### Material provided

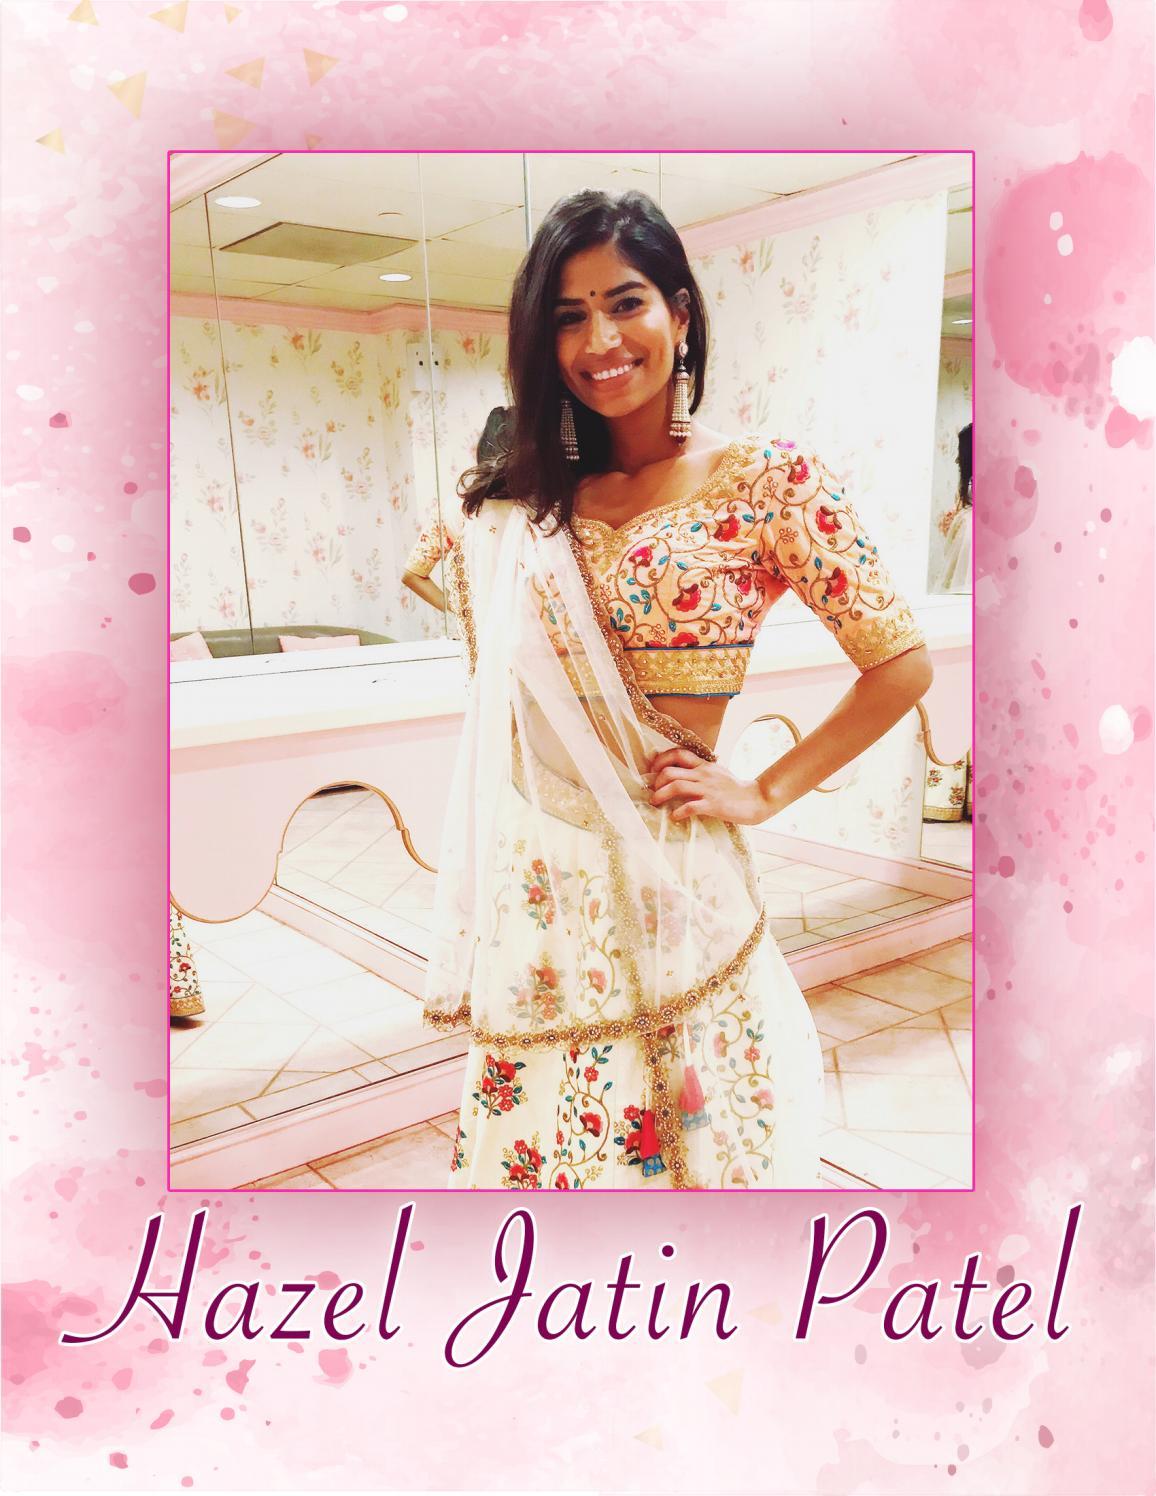 Hazel Jatin Patel by Meals for kids - issuu
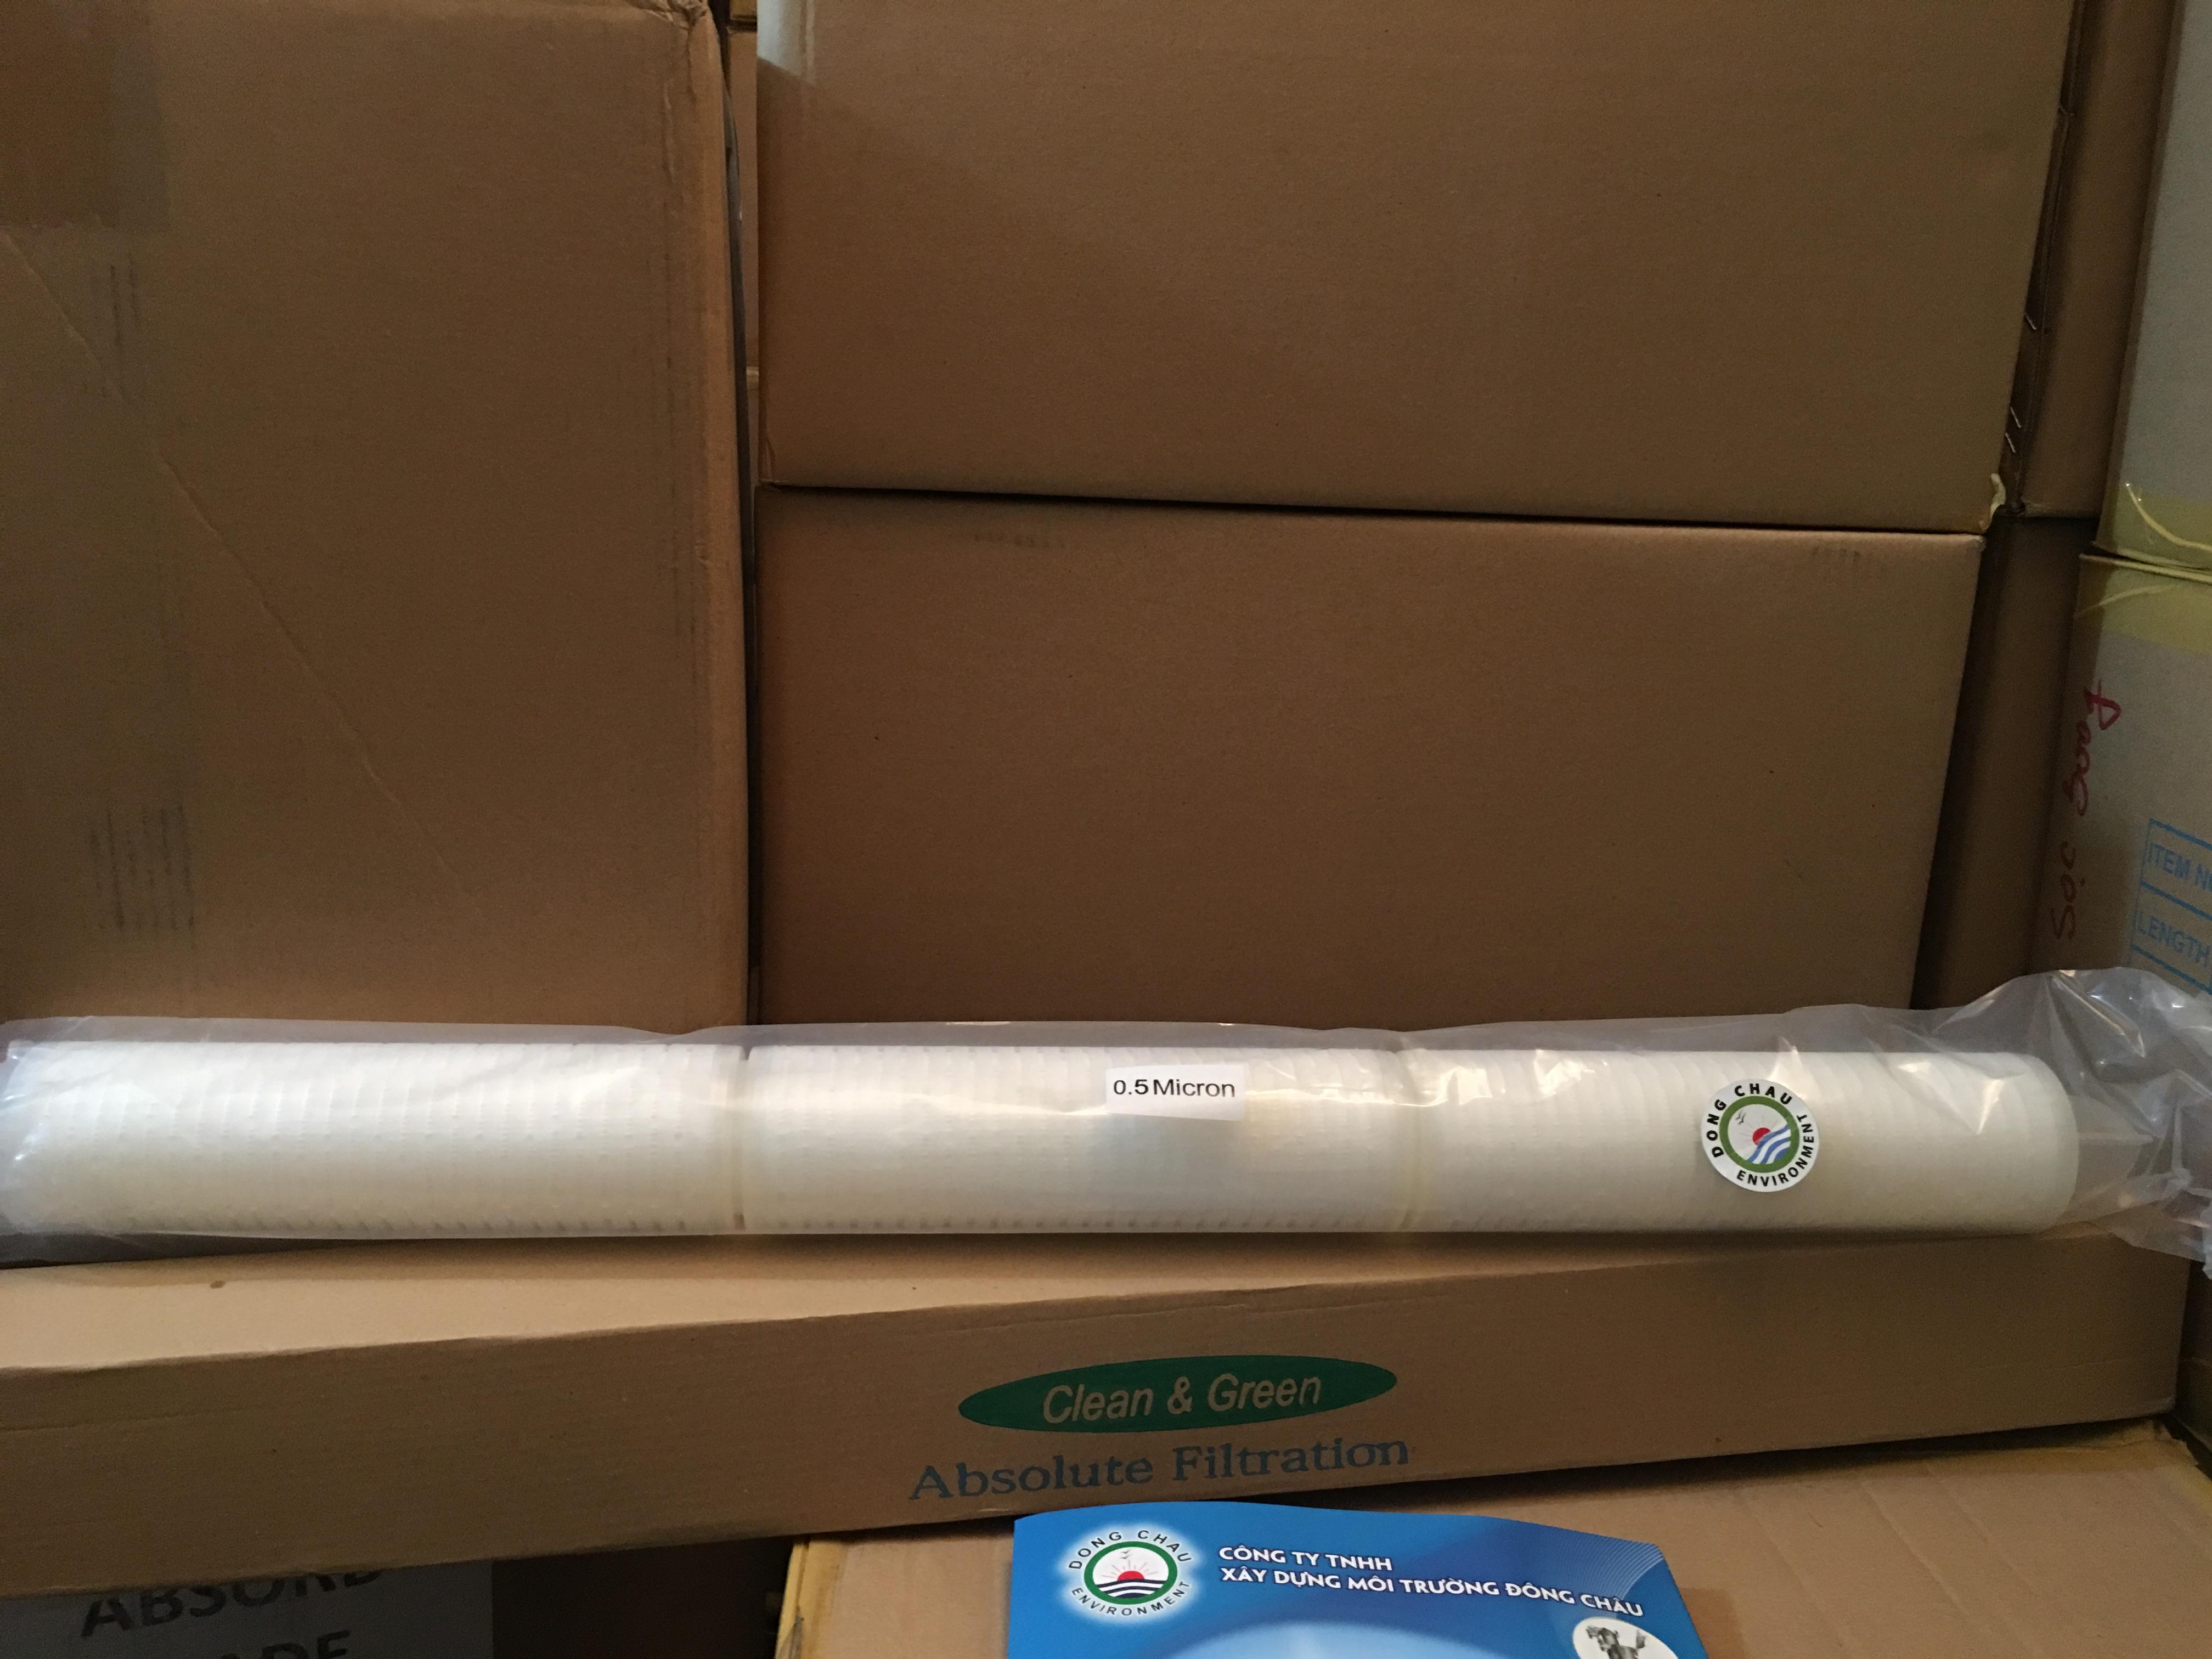 Lõi lọc giấy xếp 0.5 micron 30 inch oring 226
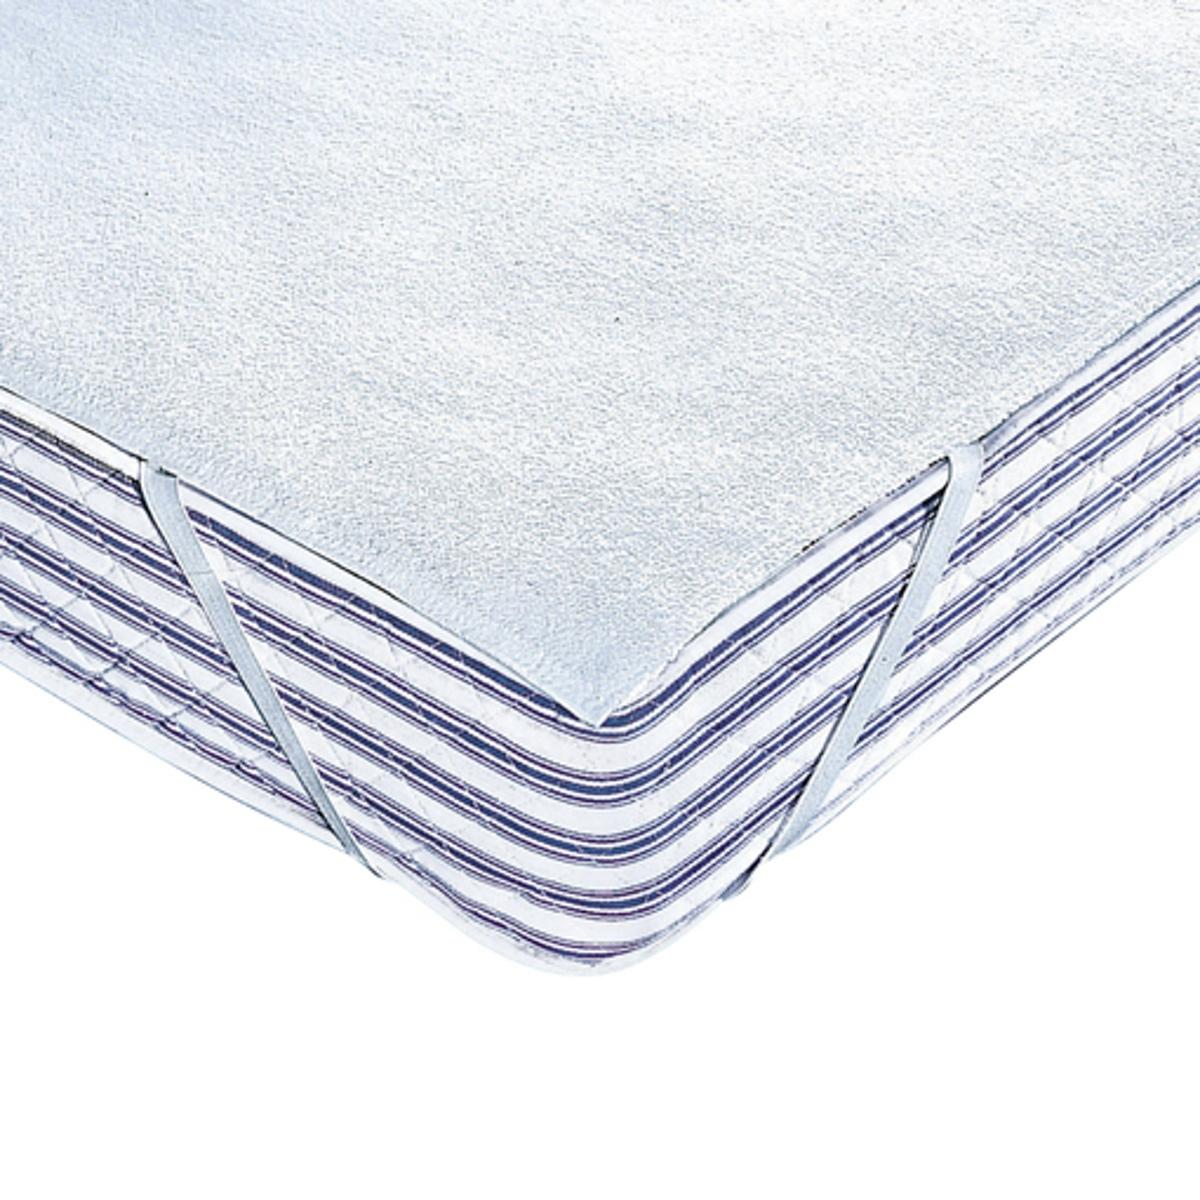 Чехол La Redoute Защитный для матраса махровой ткани гм с непромокаемым полиуретановым покрытием 90 x 190 см белый чехол la redoute защитный для матраса гм из махровой ткани с непромокаемым покрытием из пвх 60 x 120 см белый

######

> Exercise goal: Repeat the material verbatim but without any of its pictures.

> Task result:
 Hazel Jatin Patel by Meals for kids - issuu
 Lõi lọc giấy xếp 0.5 micron 30 inch oring 226
 Чехол La Redoute Защитный для матраса махровой ткани гм с непромокаемым полиуретановым покрытием 90 x 190 см белый чехол la redoute защитный для матраса гм из махровой ткани с непромокаемым покрытием из пвх 60 x 120 см белый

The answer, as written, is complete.